Segment Start: EXCERPTED DATA

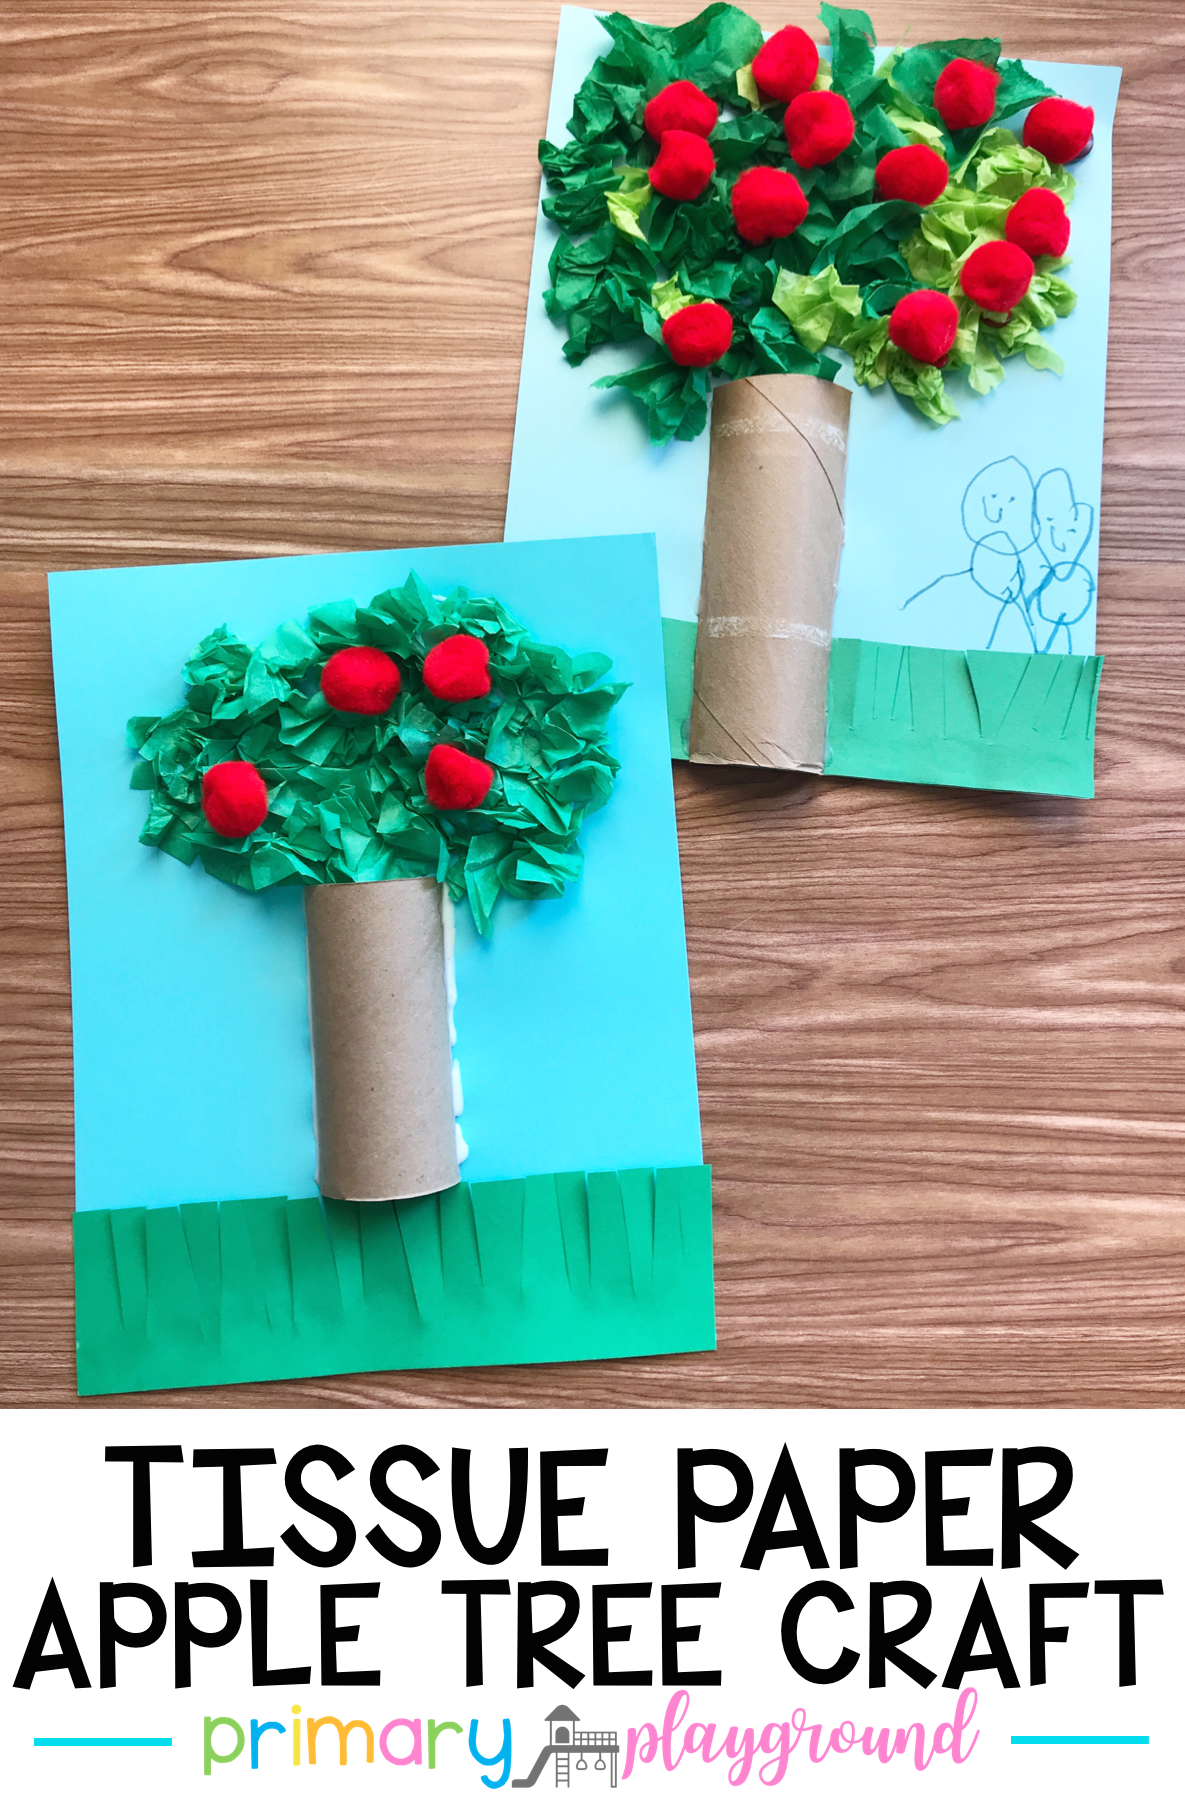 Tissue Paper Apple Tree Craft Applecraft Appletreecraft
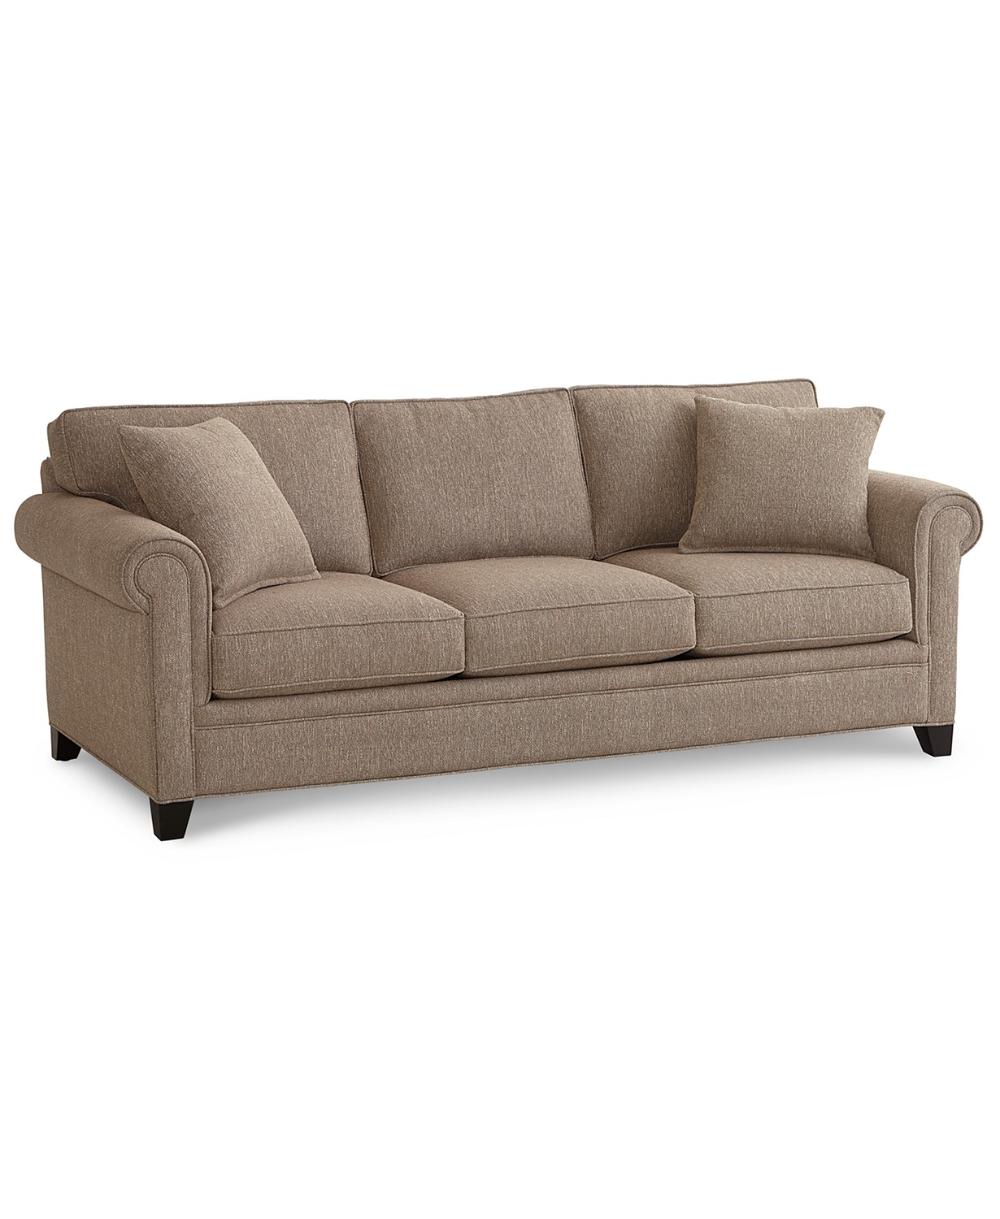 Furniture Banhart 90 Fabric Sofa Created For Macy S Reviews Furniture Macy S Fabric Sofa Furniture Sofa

Segment End: EXCERPTED DATA
Segment Start: EXCERPTED DATA

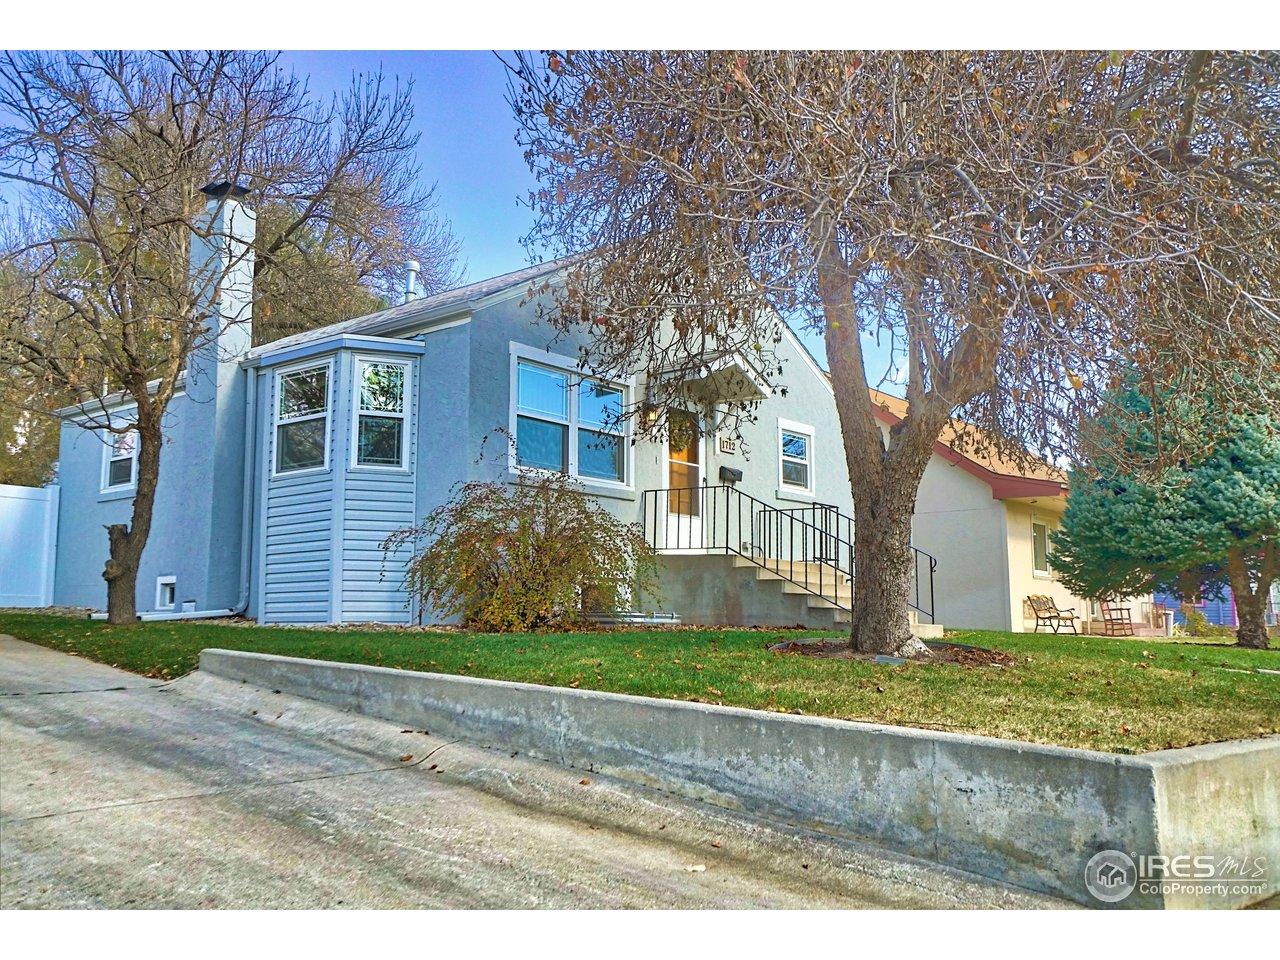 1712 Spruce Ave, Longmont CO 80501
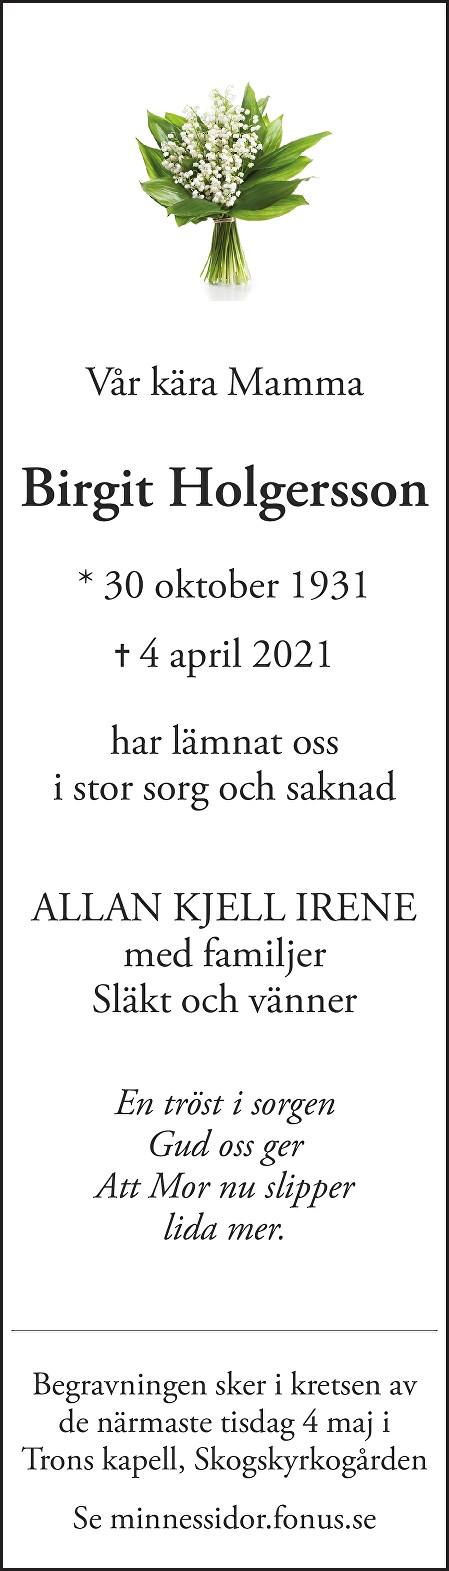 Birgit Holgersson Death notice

Segment End: EXCERPTED DATA

- TASK TO COMPLETE
In the listing above, find the line containing "Tissue Paper Apple" and the line containing "Furniture Banhart 90", then return both of them and every line between, exactly, without pictures.

- PROBLEM SOLUTION
 Tissue Paper Apple Tree Craft Applecraft Appletreecraft
 Furniture Banhart 90 Fabric Sofa Created For Macy S Reviews Furniture Macy S Fabric Sofa Furniture Sofa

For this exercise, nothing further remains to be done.